Presso la lapide a ricordo dei cinque brutalmente uccisi, ogni 26 giugno viene svolta una cerimonia di commemorazione che venerdì sera ha visto la partecipazione di don Alessandro Bivignani, dei sindaci di Anghiari e Monterchi, di una rappresentanza della provincia di Arezzo, e ancora dell’Anpi di Sansepolcro, delle autorità militari e di diversi cittadini che hanno voluto ricordare il drammatico episodio nel giorno del 76º anniversario. A seguire, le vittime sono state ricordate anche a Monterchi, dove – ha spiegato il sindaco Romanelli – “ho voluto che venisse posta un’altra lapide, visto che tra la gente si era un po’ rimosso questo episodio, forse anche perché sembra che i ragazzi fossero stati traditi proprio da qualcuno di Monterchi”.
Ieri invece la sezione Anpi di Sansepolcro ha commemorato le vittime del rastrellamento dell’Alpe della Luna, avvenuto ai primi di quello stesso giugno 1944. Nei luoghi delle uccisioni, alla presenza del nostro giornale, si è recata una delegazione ristretta, rinunciando per i motivi di sicurezza legati al Covid alle partecipate camminate organizzate negli anni passati. Dapprima è stata raggiunta la Spinella, sede del Monumento ai Caduti per la Libertà. Opera dell’architetto Claudio Longo, a sua volta partigiano nella nostra zona, è stato restaurato in occasione del 25 aprile dai ragazzi della fattoria di Germagnano. Era stato inaugurato nel 1979 su iniziativa delle istituzioni del territorio, simboleggiate nella forma del manufatto: i tre grandi cerchi rappresentano la Regione Toscana, la provincia di Arezzo e la Comunità montana Valtiberina, mentre le altre sette componenti saldate indicano tutti i Comuni della valle. Dopo la Spinella, la delegazione dell’Anpi ha raggiunto il Pian della Capanna, luogo della fucilazione di Carlo Liebknecht Panichi e Pasquale Alienati, e da lì il gruppo si è recato per un percorso piuttosto impervio alla Fonte della Puledraia. Qui una croce ricorda Agostino Bucciovini e Silvestro Ricci. Infine in località Condotto sono stati commemorati Osvaldo Ottolenghi Marri e Morton Perez. Delle loro tragiche vicende TeverePost ha parlato lo scorso 4 giugno in occasione dell’anniversario della maggior parte delle uccisioni.

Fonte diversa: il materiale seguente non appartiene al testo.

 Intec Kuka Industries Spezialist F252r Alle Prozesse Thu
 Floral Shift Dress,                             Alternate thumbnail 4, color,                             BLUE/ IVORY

Mercoledì, invece, una delegazione della sezione biturgense dell’Anpi si era recata anche a Monte Vicchi, alla croce in memoria delle vittime civili, e ai Prati Alti, dove è stata recentemente restaurata la croce che ricorda Giovan Battista Gori, detto Bista. Si tratta di un 76enne che fu ucciso nell’agosto del 1944 per essersi rifiutato di seguire i tedeschi che avevano catturato Emilio Mattei e Vito e Pietro Meozzi, padre e figlio. Questi ultimi furono poi fucilati in località Pozzuolo, mentre Mattei riuscì all’ultimo momento a darsi alla fuga.